▶ [Data]
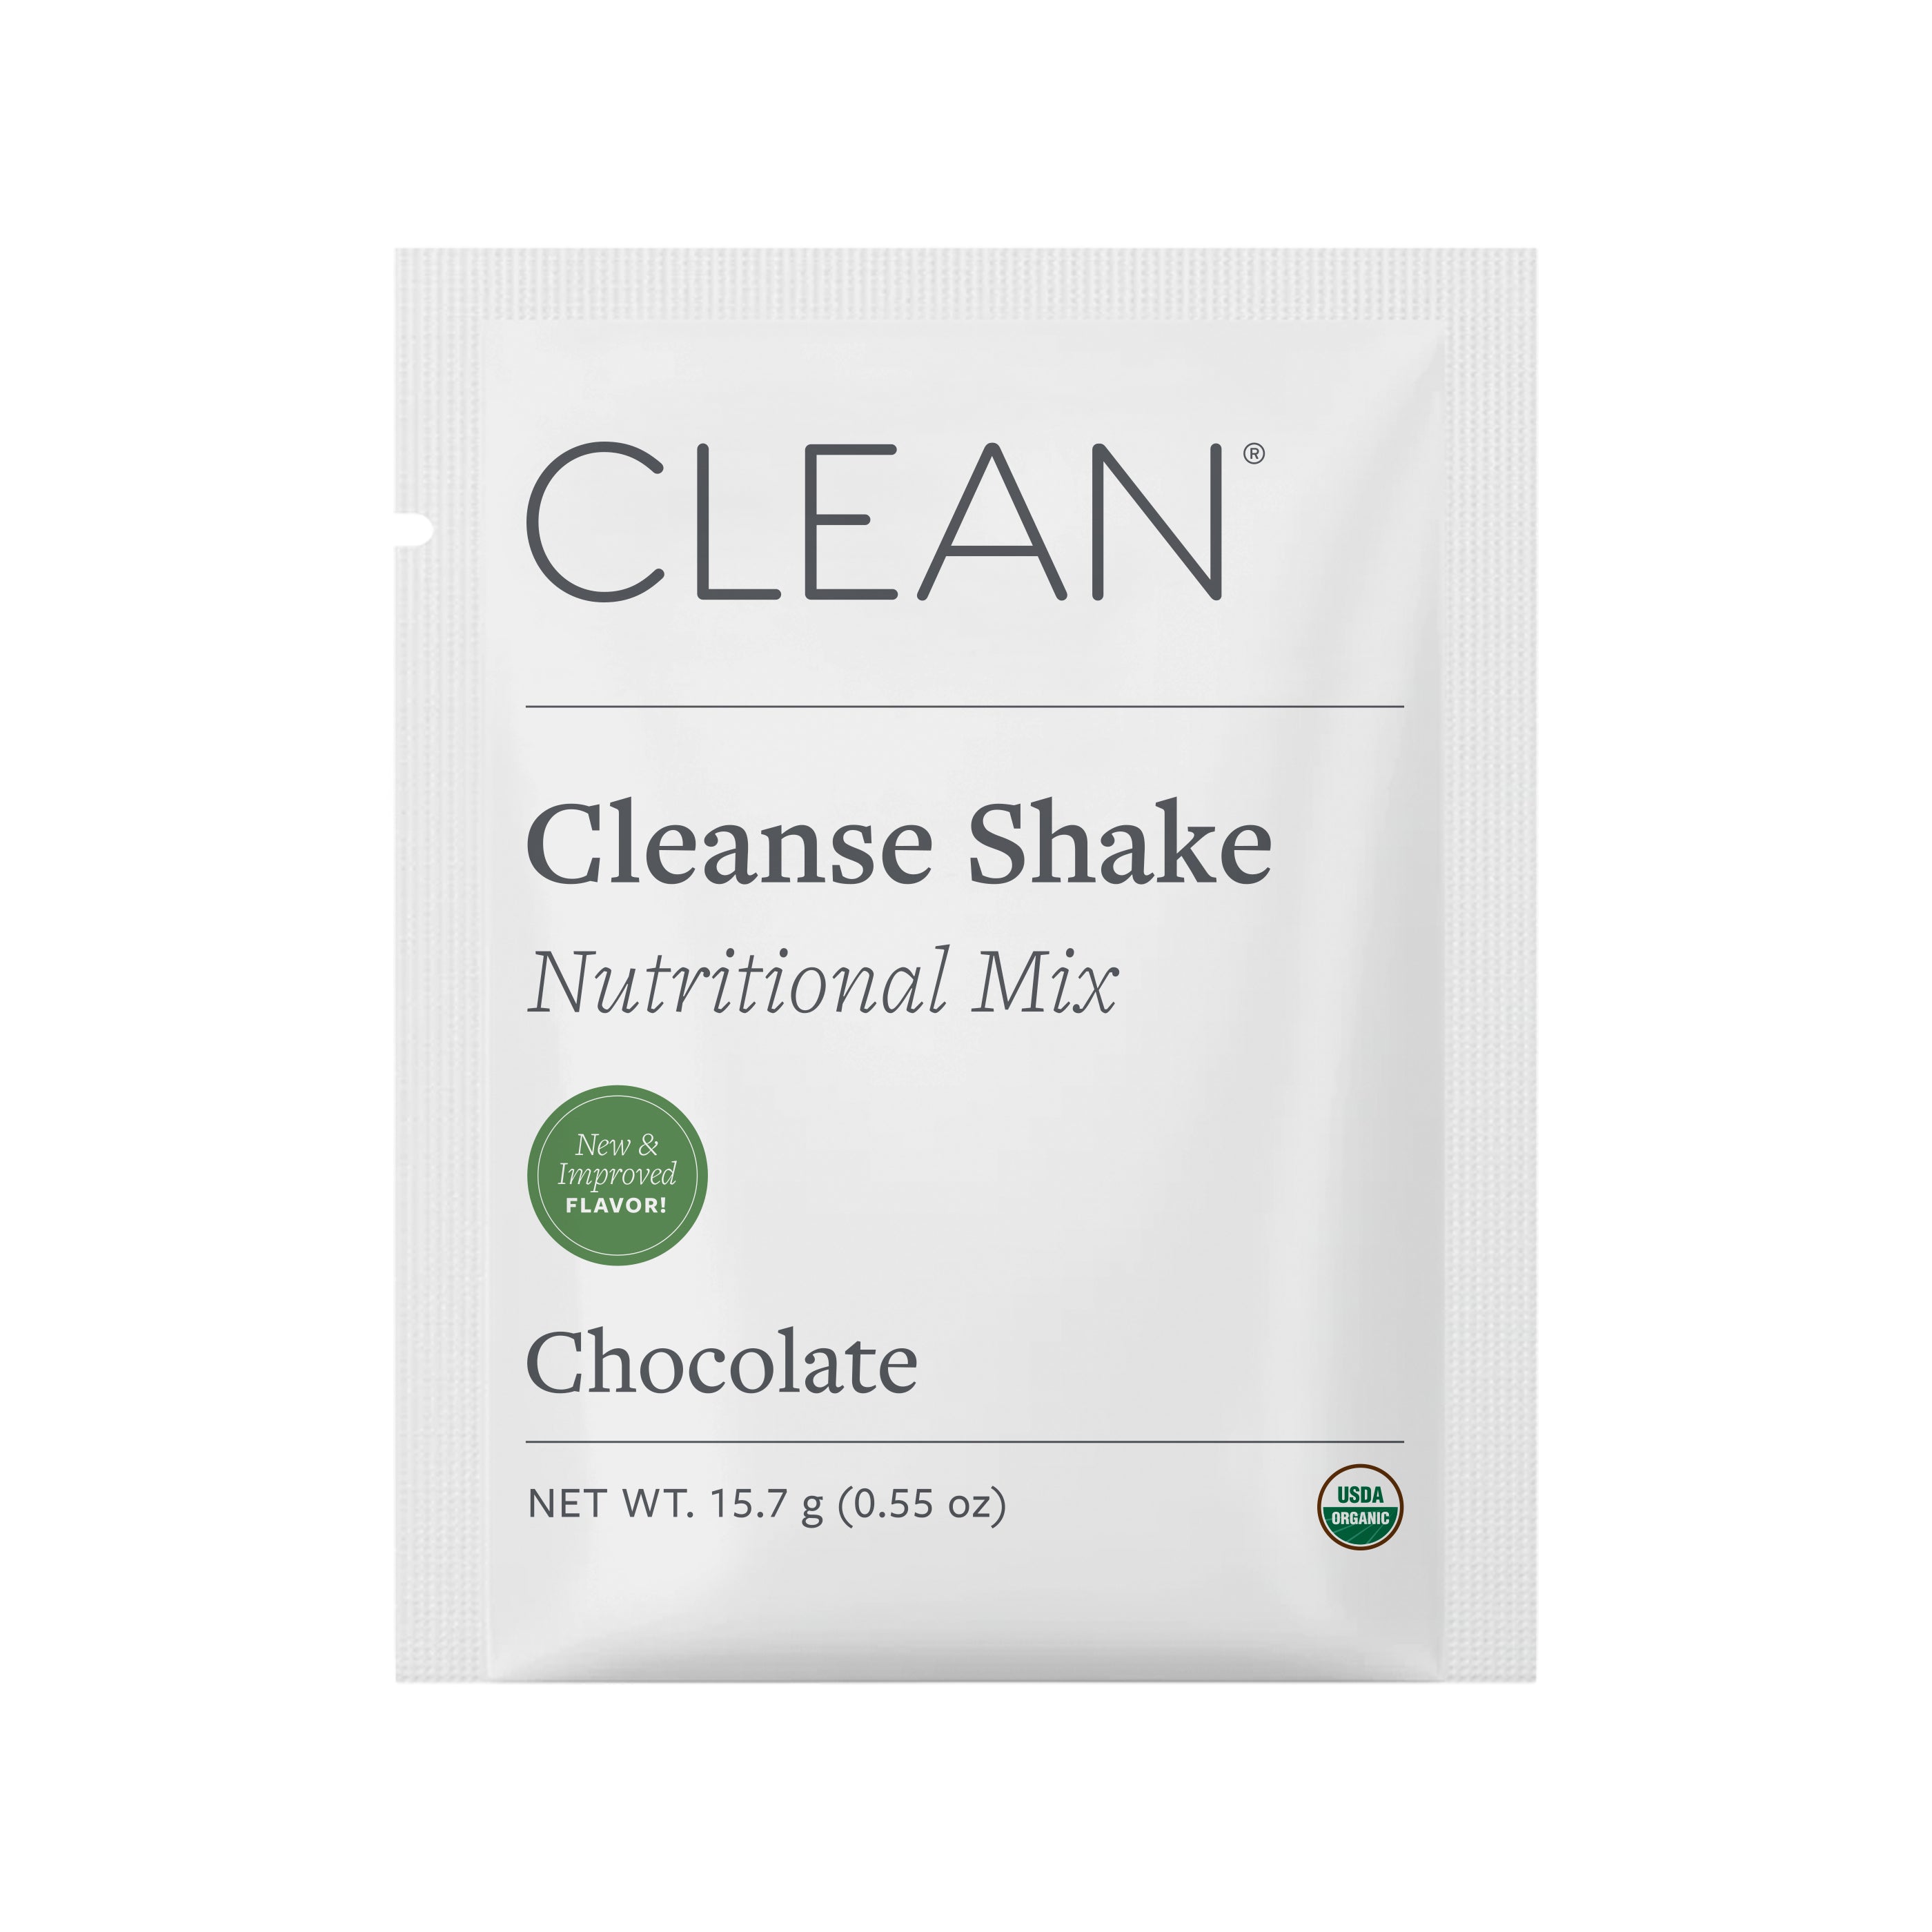 Cleanse Shake Packet
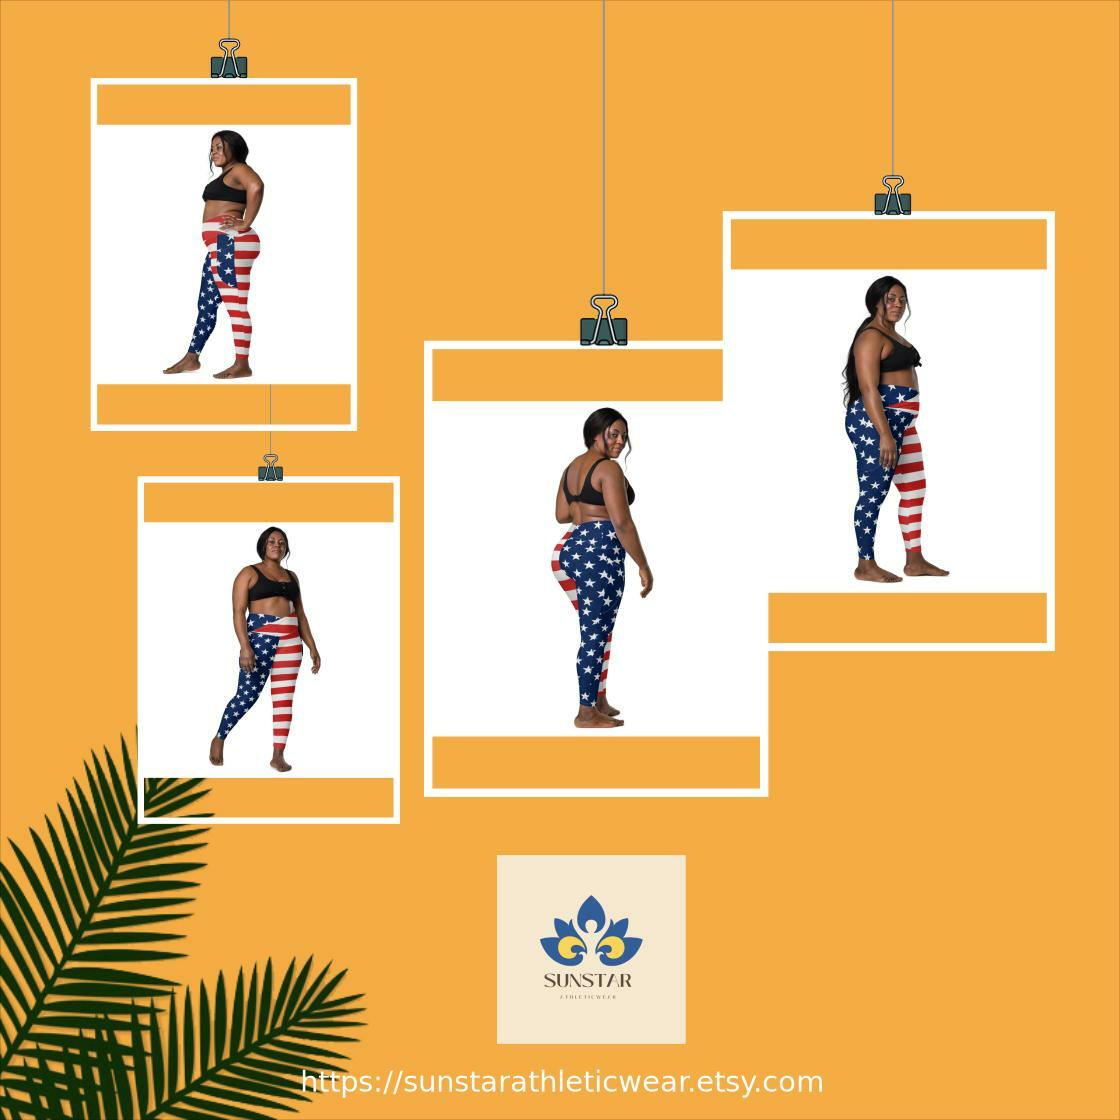 Crossover leggings with pockets,, Proud American Pants, US Patriotic Stars, USA Flag Plus Size Leggings #WomensClothing #Clothing 
$75.00
➤ etsy.me/44xYUBv

▶ [What you are asked to do]
In your copy of the listing, please omit the pictures and keep every word exact.

▶ [Your response]
 Cleanse Shake Packet
 Crossover leggings with pockets,, Proud American Pants, US Patriotic Stars, USA Flag Plus Size Leggings #WomensClothing #Clothing 
$75.00
➤ etsy.me/44xYUBv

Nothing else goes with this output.